(Data excerpt Opens)

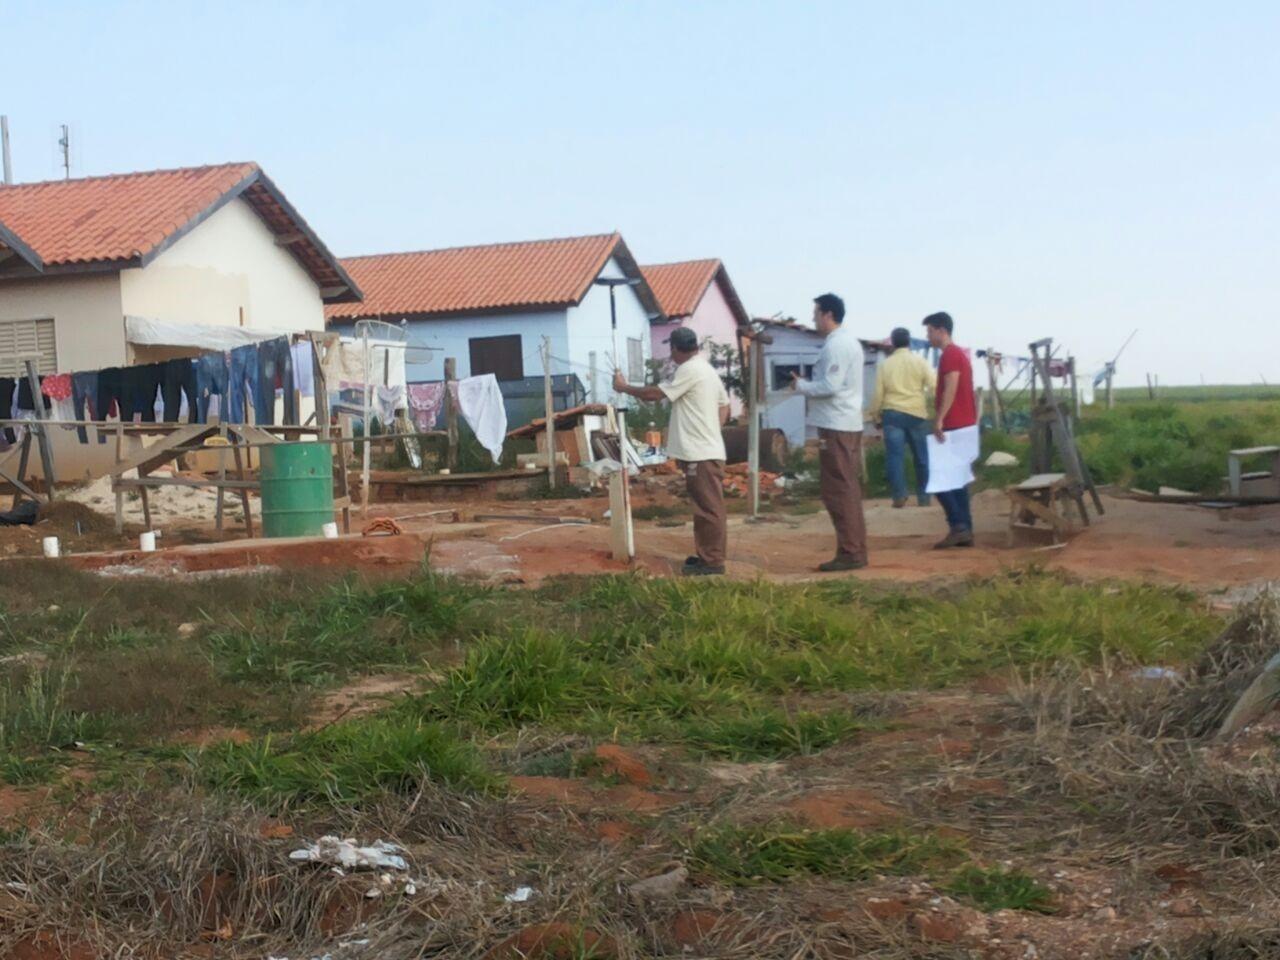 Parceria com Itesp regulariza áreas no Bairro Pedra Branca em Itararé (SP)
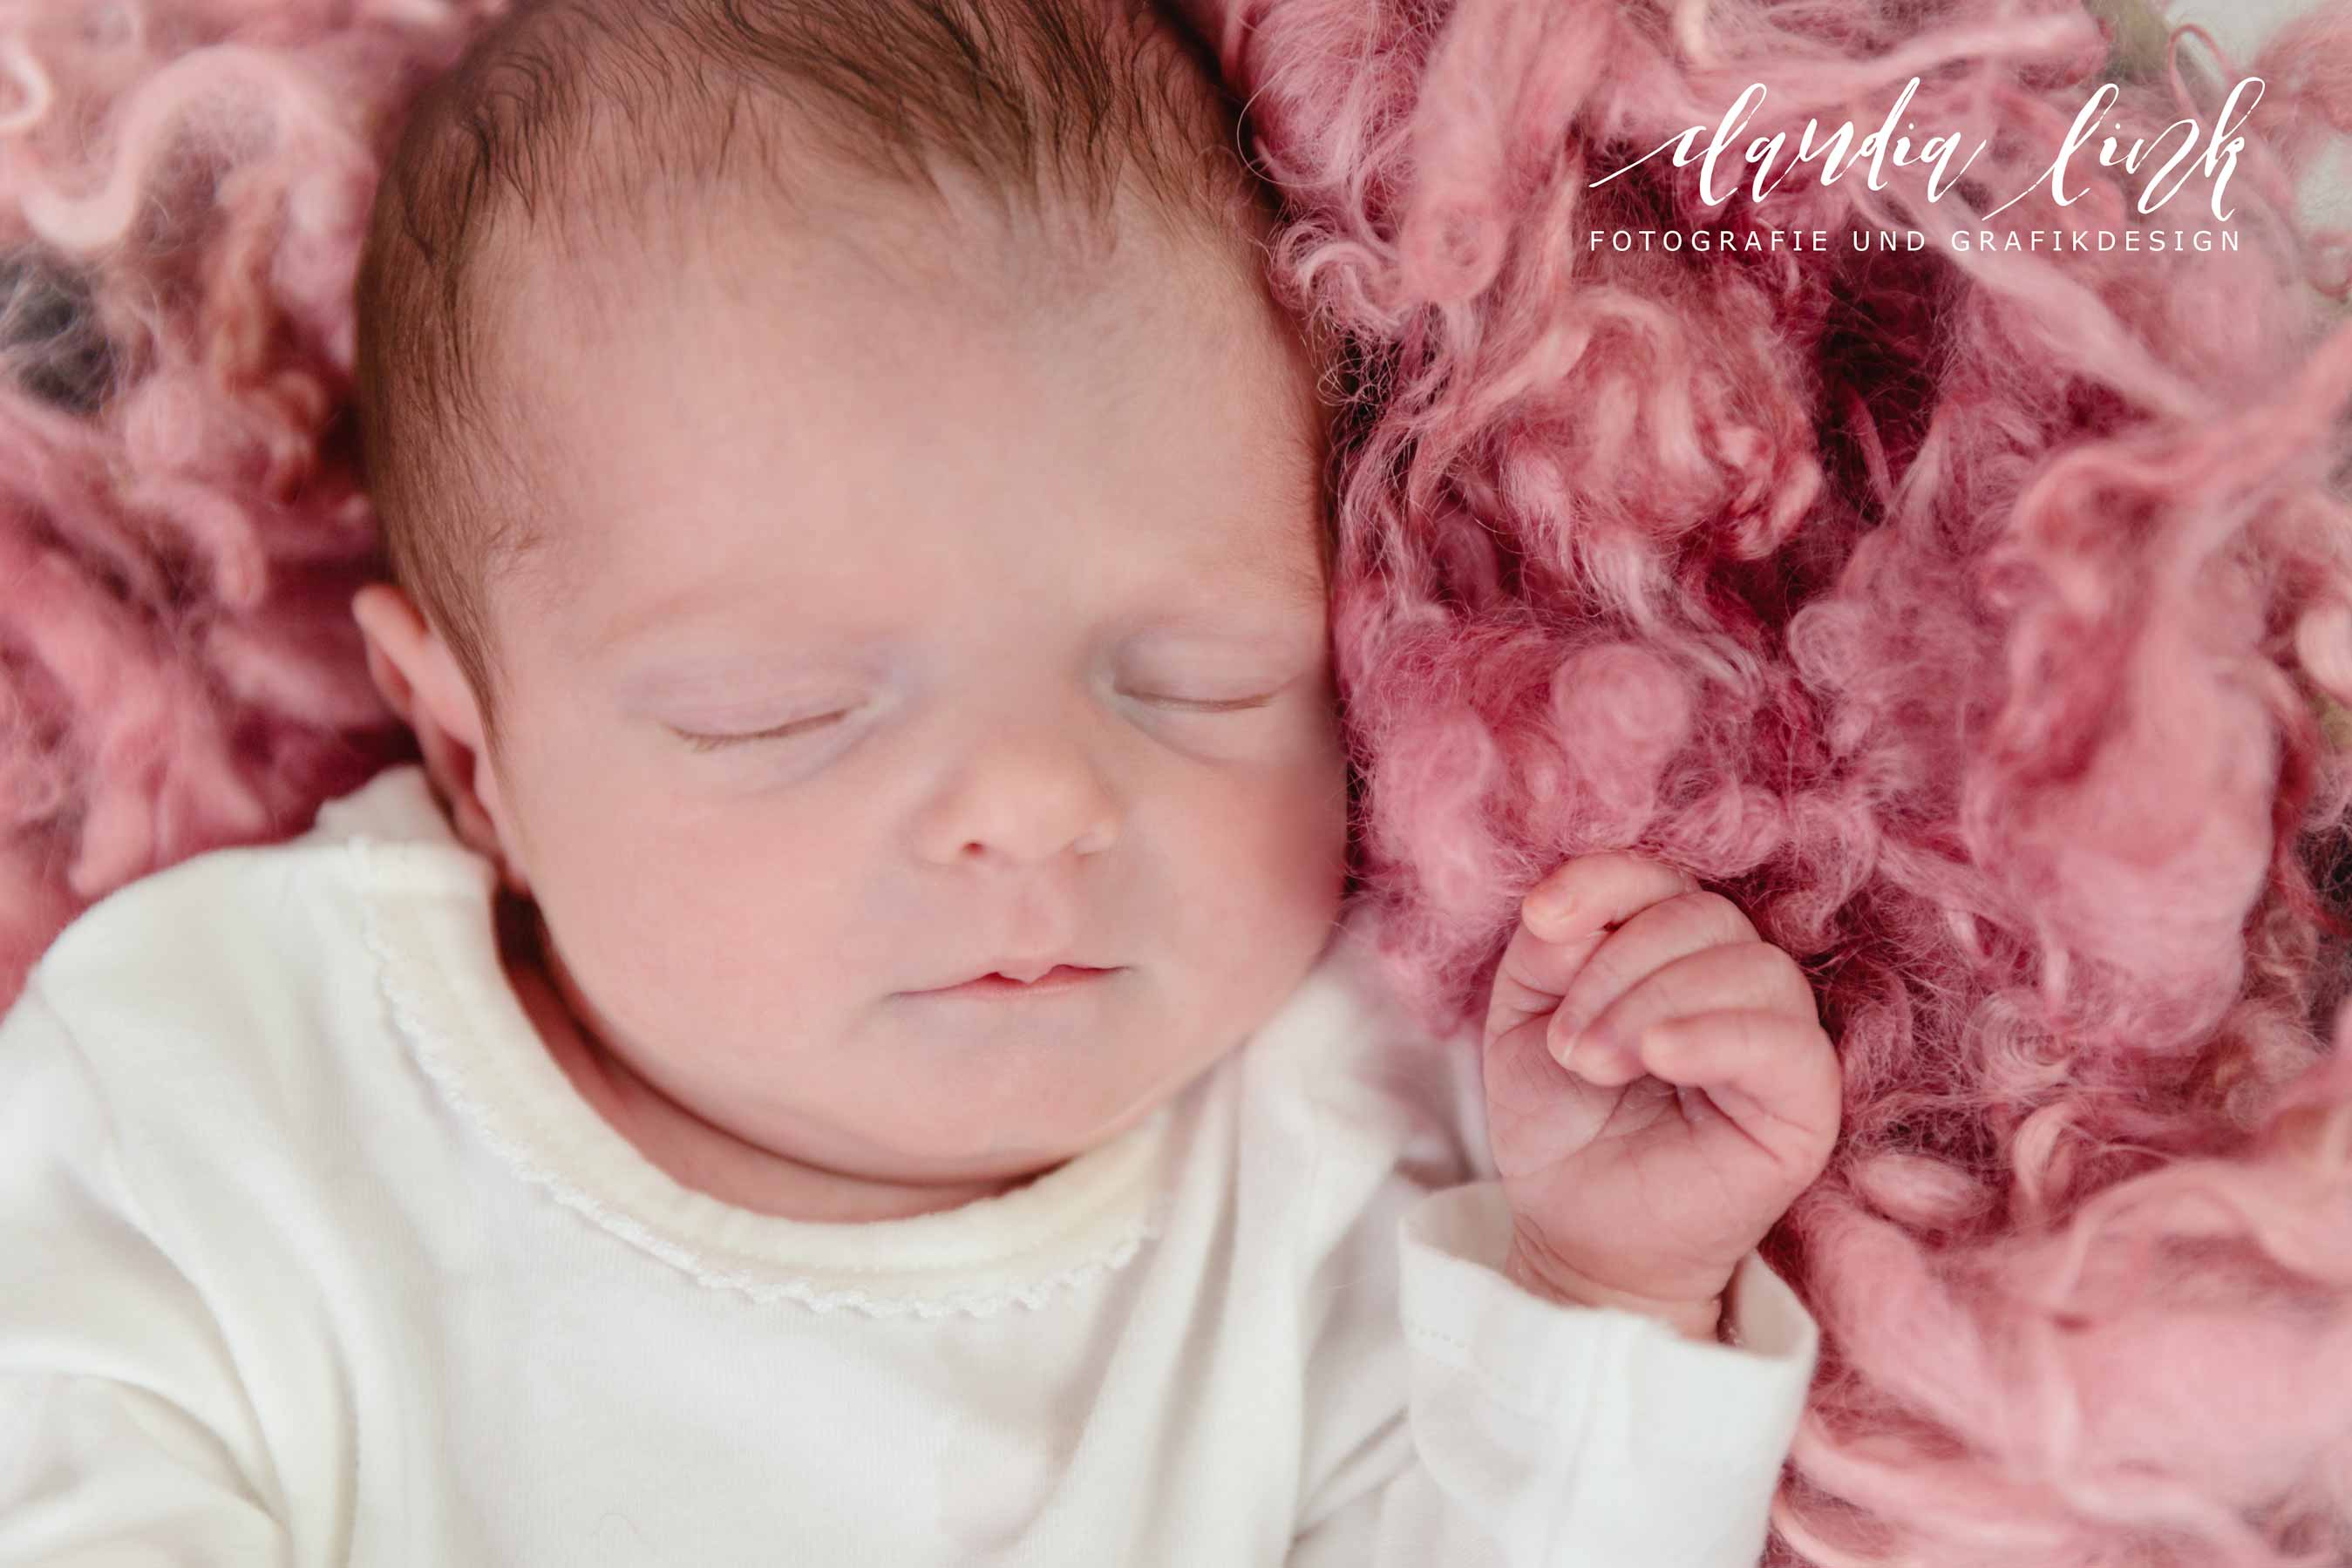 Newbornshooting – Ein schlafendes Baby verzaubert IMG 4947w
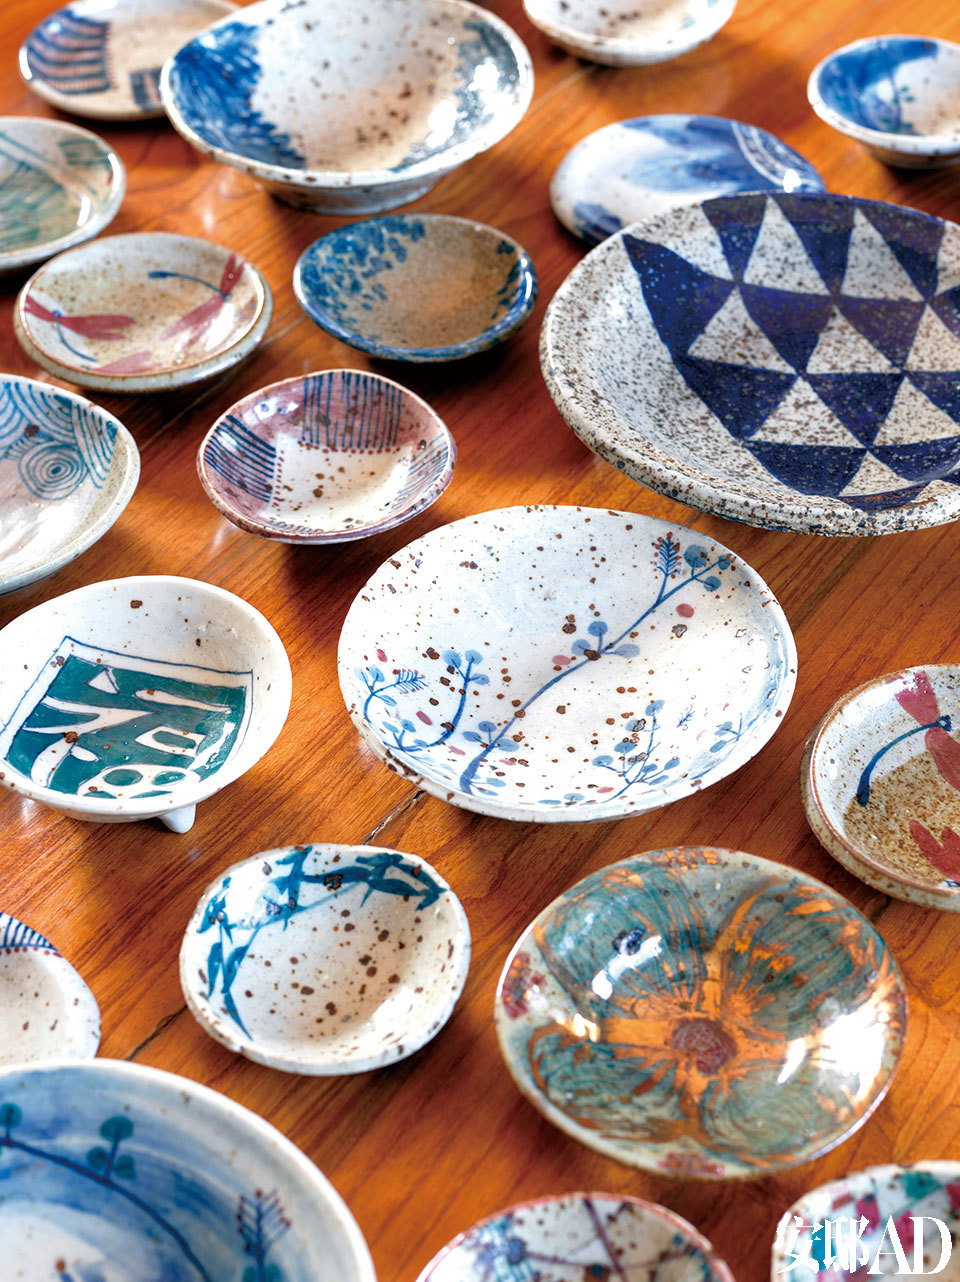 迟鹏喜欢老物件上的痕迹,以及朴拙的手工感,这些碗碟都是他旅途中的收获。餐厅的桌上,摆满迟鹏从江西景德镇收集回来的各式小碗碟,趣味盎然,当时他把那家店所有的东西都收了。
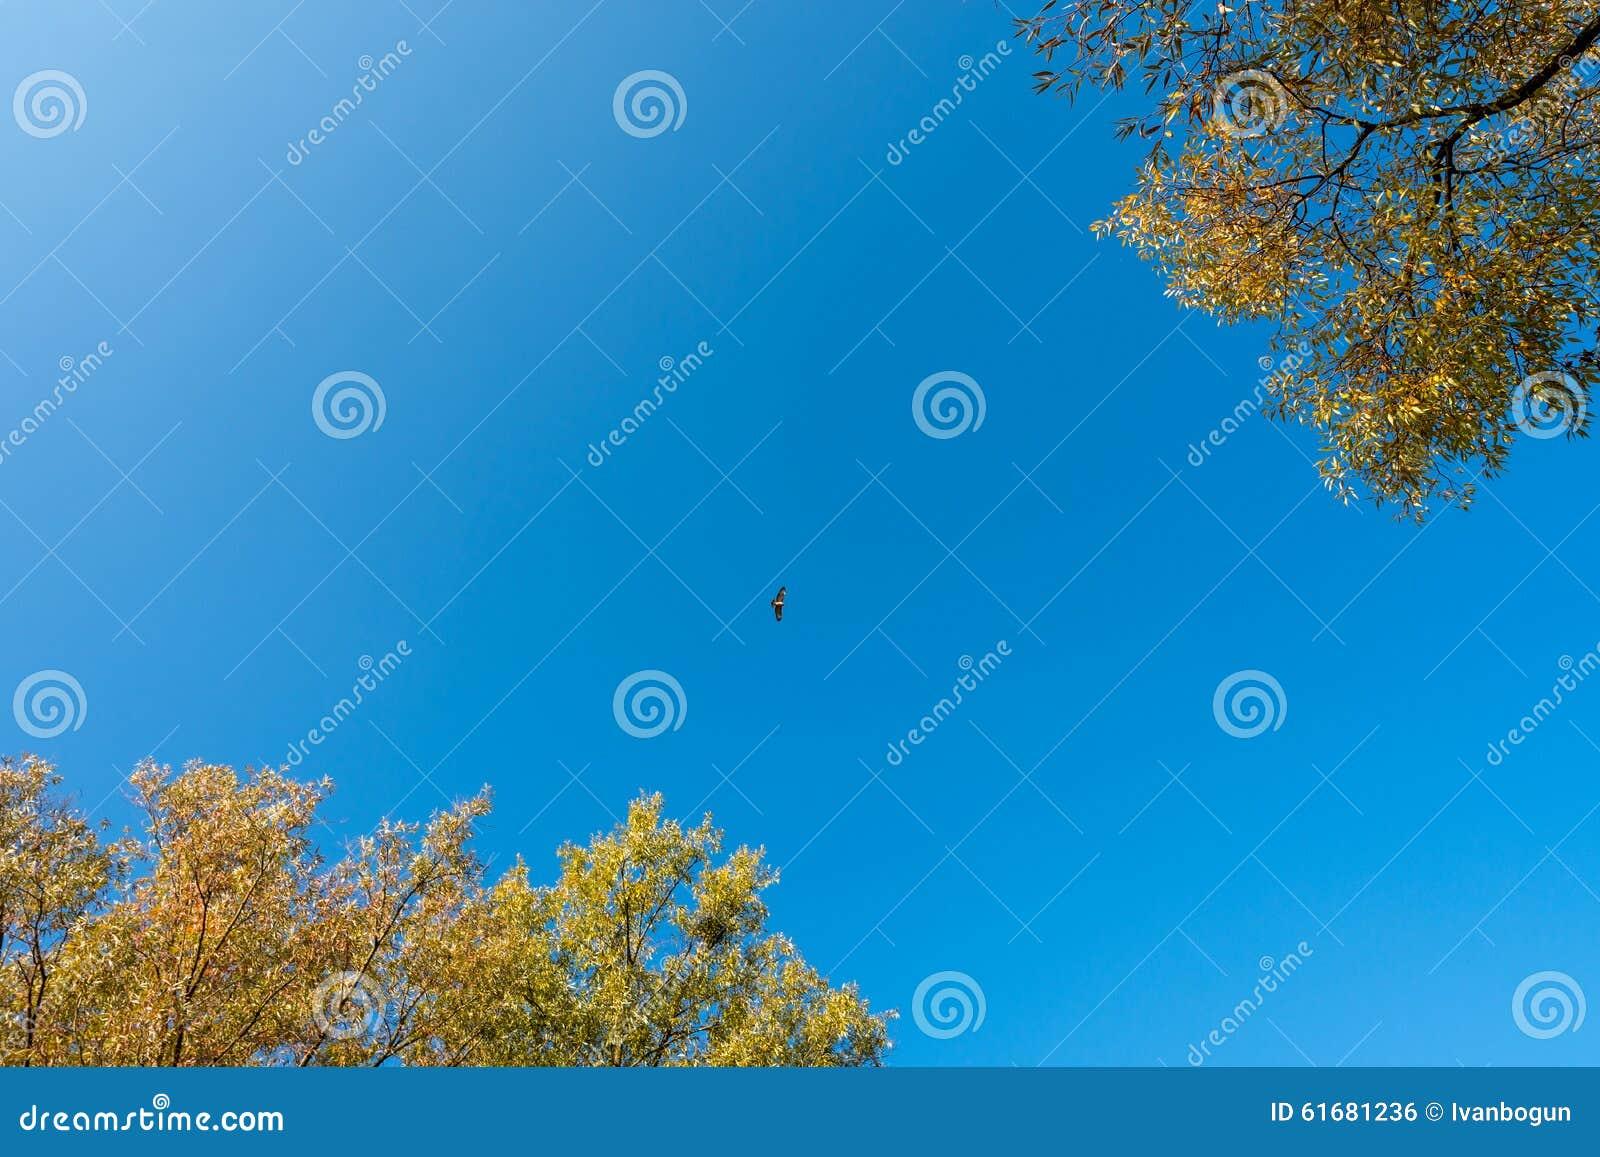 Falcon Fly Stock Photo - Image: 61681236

(Data excerpt Closes)

**What to produce:** Could you write out verbatim only those lines that run from the line containing "迟鹏喜欢老物件上的痕迹,以及" through the end of the listing above, both included, without the pictures?

**The answer:**
 迟鹏喜欢老物件上的痕迹,以及朴拙的手工感,这些碗碟都是他旅途中的收获。餐厅的桌上,摆满迟鹏从江西景德镇收集回来的各式小碗碟,趣味盎然,当时他把那家店所有的东西都收了。
 Falcon Fly Stock Photo - Image: 61681236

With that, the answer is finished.